Id . at 121. Jaques v. Commissioner , 935 F.2d 104, 107 (6th Cir.1991); Dietrick v. Commissioner , 881 F.2d 336, 340 (6th Cir. 1989); Livernois Trust v. Commissioner , 433 F.2d 879, 882 (6th Cir.1970). See also Alterman Foods, Inc. v. United States , 505 F.2d 873, 876√77 n. 6, 7 (5th Cir.1974); Alterman Foods, inc United States , 222 Ct.Cl. 218, 611 F.2d 866, 869 (Ct.Cl.1979). The Fifth Circuit in Alterman Foods , 505 F.2d at 877 n. 7 (cited favorably by the Sixth Circuit in Jaques , 935 F.2d at 107), emphasized some additional objective factors:

(8) whether a ceiling existed to limit the amount of corporate advances;

(9) whether the shareholder was in a position to repay the advances when made; and

(10) whether there was any indication the shareholder attempted to repay the advances.

Several of the above factors weigh in favor of the IRS. The corporation was closely held and controlled by the debtor as sole shareholder.
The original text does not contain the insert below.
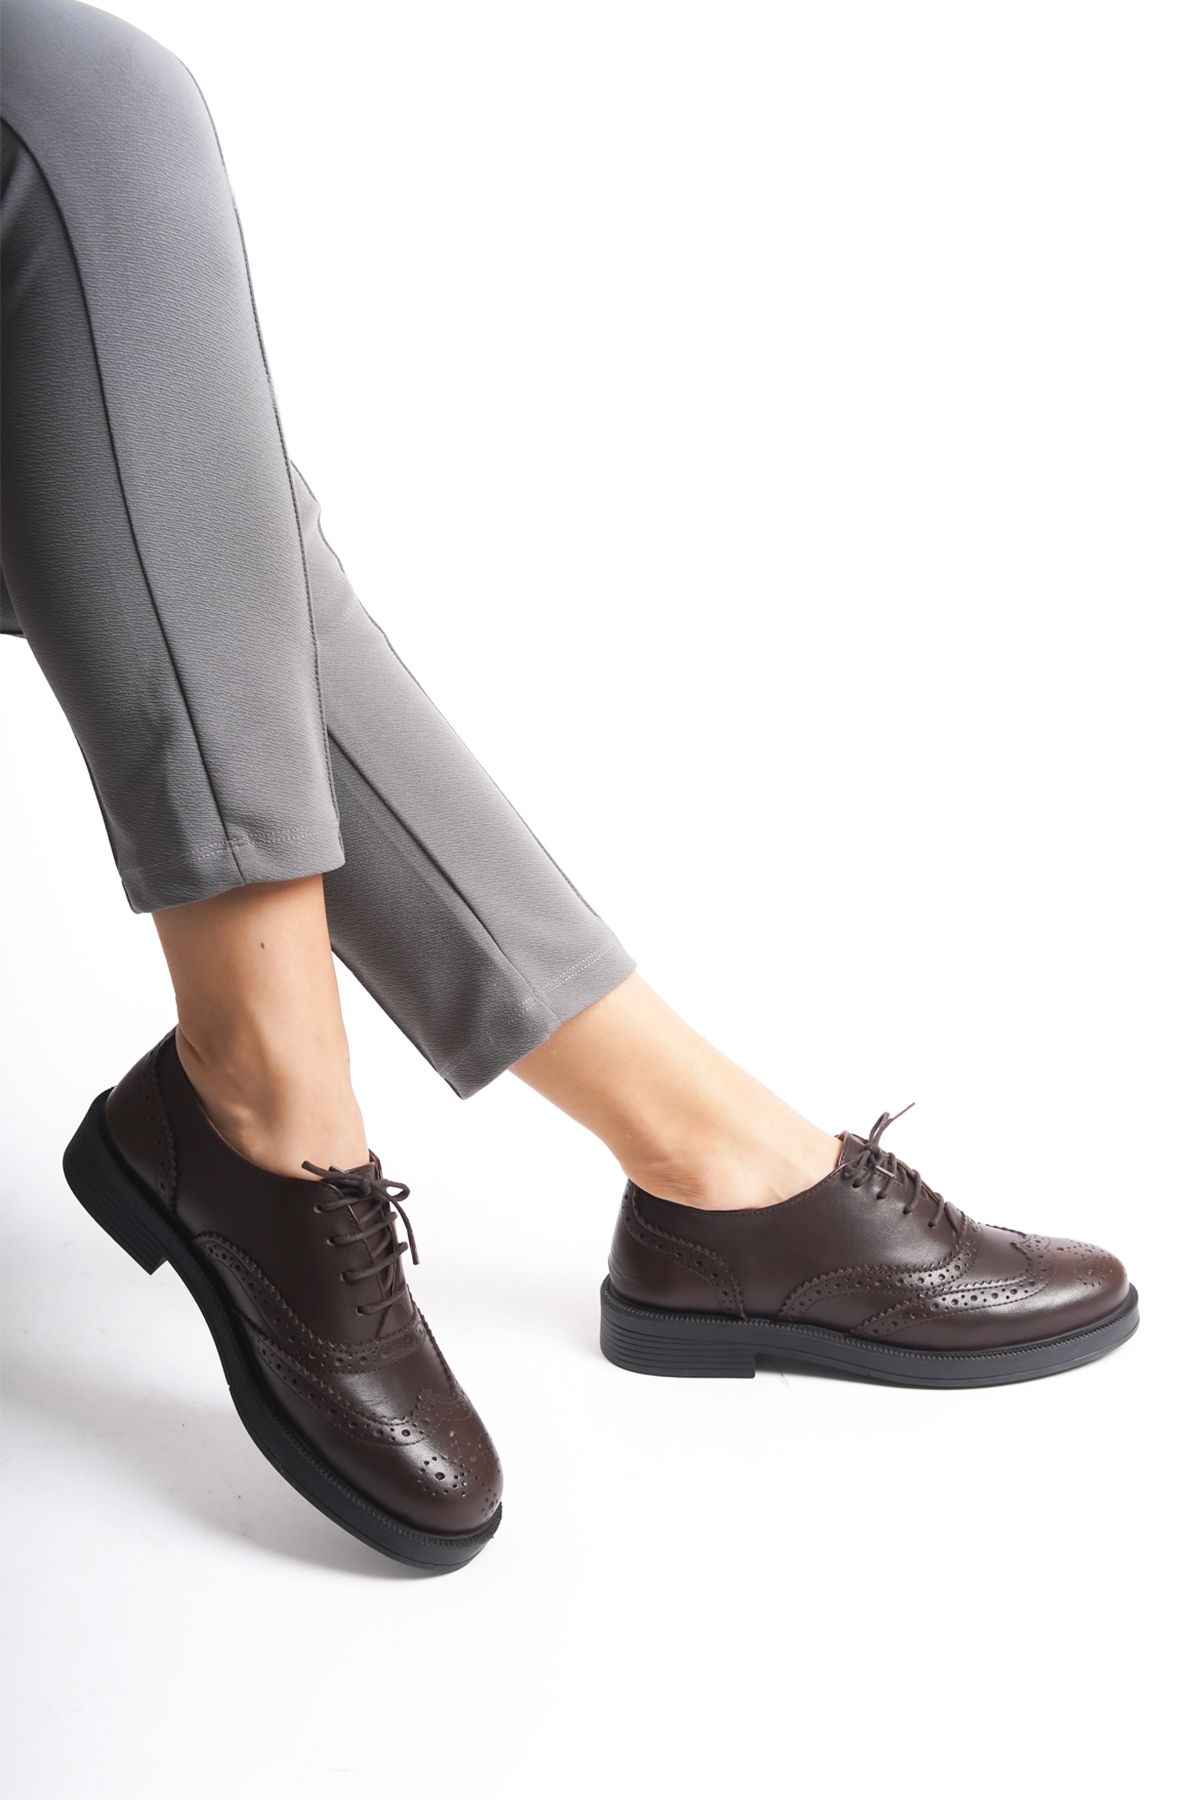 GRADA Hakiki Deri Kadın Kahverengi Oxford Ayakkabı Kahve Renk Bağcıklı Günlük Deri Oxford Ayakkabısı

Loan covenants with First American prevented FES from paying dividends to the debtor. FES took no security or collateral on the advances. The court thus regards the nature of FES advances with some suspicion. See Berthold , 404 F.2d at 122. Nevertheless, after weighing the objective factors in the IRS's favor against those in the debtor's favor, the court concludes that FES advances were made with the intention that they be repaid.
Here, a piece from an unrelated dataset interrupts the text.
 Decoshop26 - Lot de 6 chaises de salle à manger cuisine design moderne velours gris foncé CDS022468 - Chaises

First, FES and the debtor executed promissory notes obligating the debtor to repay all FES advances. The three promissory notes executed between 1988 and 1991 were valid and enforceable against the debtor. As a sophisticated business person, the debtor must have known that these notes could have been enforced against him by a receiver or bankruptcy trustee appointed to operate FES.

Second, the debtor made repayments on FES advances. The debtor made periodic principal payments on advances received between 1988 and 1991, as shown in the "2270√00" worksheets.

Third, the three promissory notes each specified maturity dates and times for repayment. Each note matured and was payable in full after one year. At maturity, the notes were renewed for the same period of time and under the same repayment terms.

Fourth, the debtor paid annual interest that accrued on all advances under the notes. These amounts were calculated by Ms. Hipp and payments were recorded in FES's books.

Fifth, each promissory note put a ceiling on advances to the debtor. Moreover, as Ms. Hipp and Mr. Harb testified, around 1991 First American imposed new loan covenants on FES limiting advances to the debtor.

Sixth, the debtor was in a position to repay the advances when made. The debtor's personal financial statements prepared during the periods at issue showed a substantial net worth. Based on these financial statements, the debtor appeared to have the capacity to repay the advances when made.

Seventh, the evidence strongly indicated that the debtor attempted to repay all advances. The debtor fully repaid FES advances made prior to 1988. Although the debtor could not pay off advances made between 1988 and 1991, he undertook vigorous efforts to do so. He tried to sell or obtain permanent, "take out" financing on several projects to generate capital to repay advances. He also met with several bankers and individual lenders to obtain a consolidation loan to pay off advances.

Finally, other relevant facts exist suggesting that advances were intended as loans. All general ledger entries and internal corporate schedules reflected the advances as notes receivable from the debtor. Disputes over amounts owed by the debtor were resolved by consulting the corporate records. FES's audited financial statements, based on independent assessments by two accounting firms, all showed FES advances as loans.

For the reasons stated, the court holds that the debtor has met the required burden of proof. The court concludes that FES and the debtor intended that all monies advanced be repaid. The court, therefore, finds that FES's advances to the debtor were nontaxable loans instead of taxable dividends. Accordingly, the court grants the debtor's objection to the proof of claim filed by the IRS.